__Exercise prompt__: Give again, exactly as written, each line of the material below starting at the line that contains "Bitmagic-Logo" and ending at the line that contains "Taylor Pro Digital". Both ends count, and no other line does.

__Records for this task__:
▶
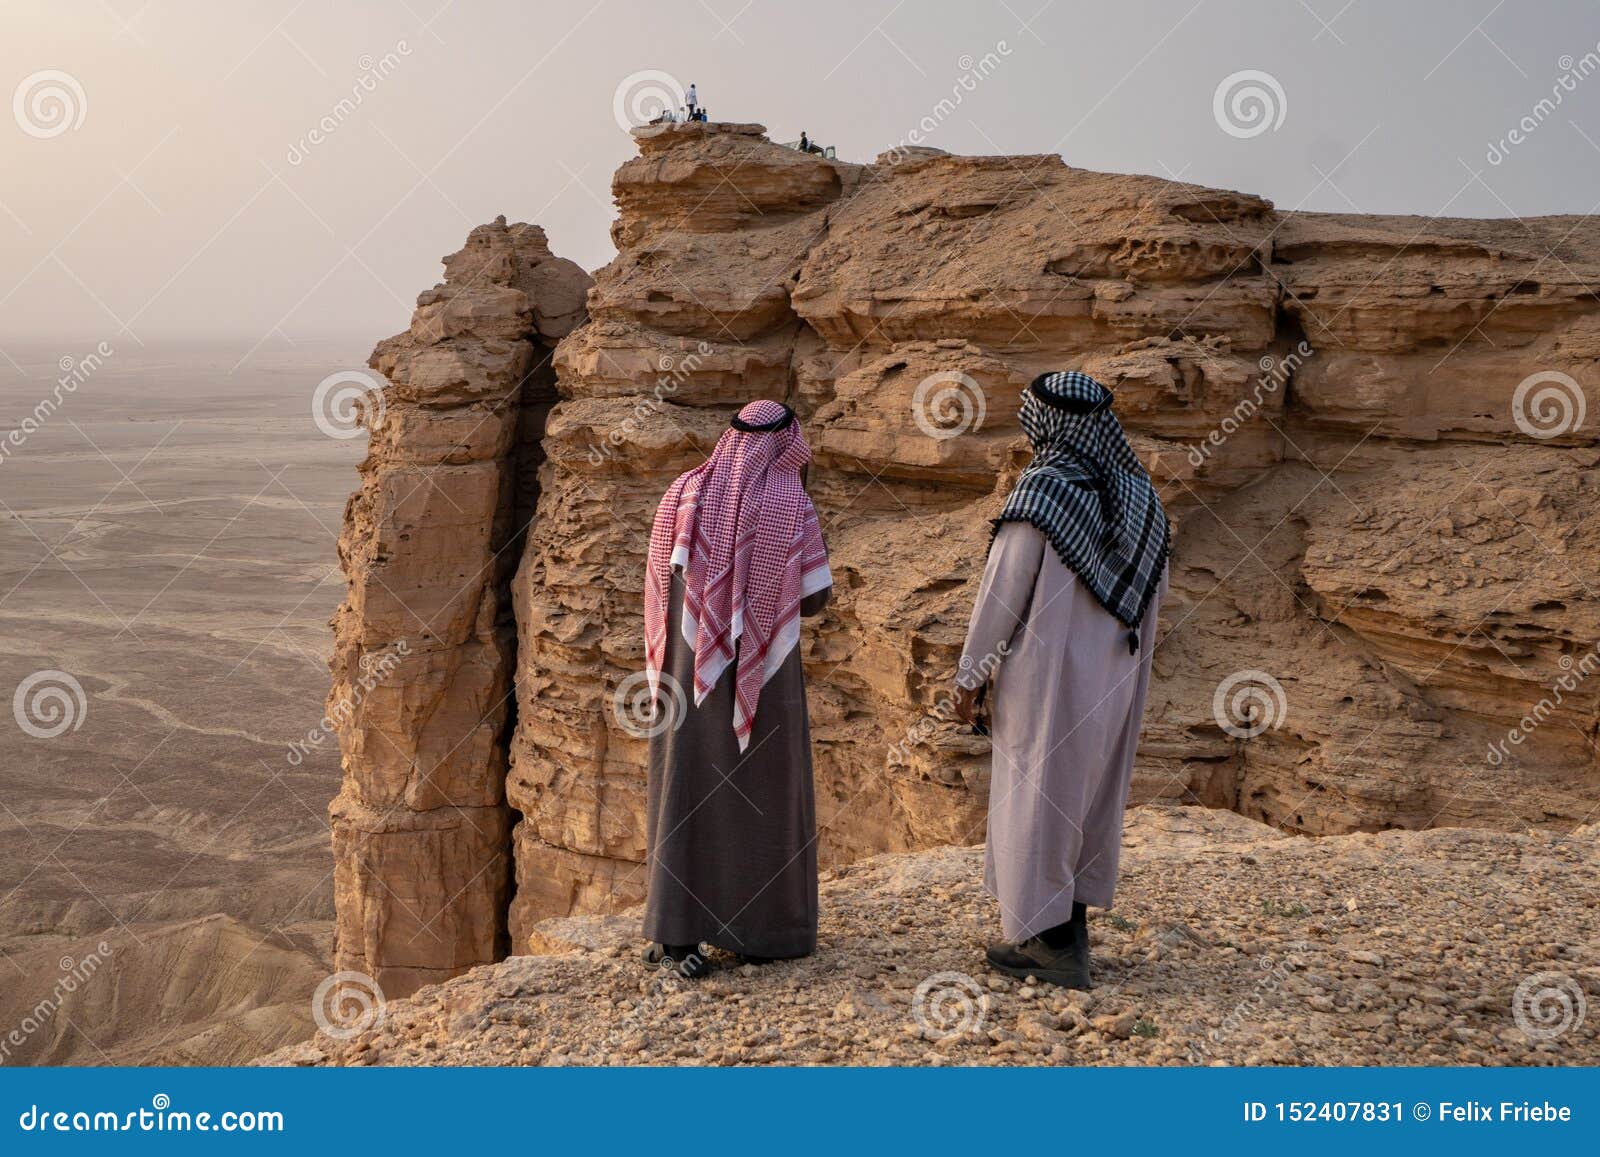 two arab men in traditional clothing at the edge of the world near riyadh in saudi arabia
◀
▶
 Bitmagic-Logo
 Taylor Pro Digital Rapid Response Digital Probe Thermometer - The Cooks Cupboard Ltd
◀
__Answer box__:
 Bitmagic-Logo
 Taylor Pro Digital Rapid Response Digital Probe Thermometer - The Cooks Cupboard Ltd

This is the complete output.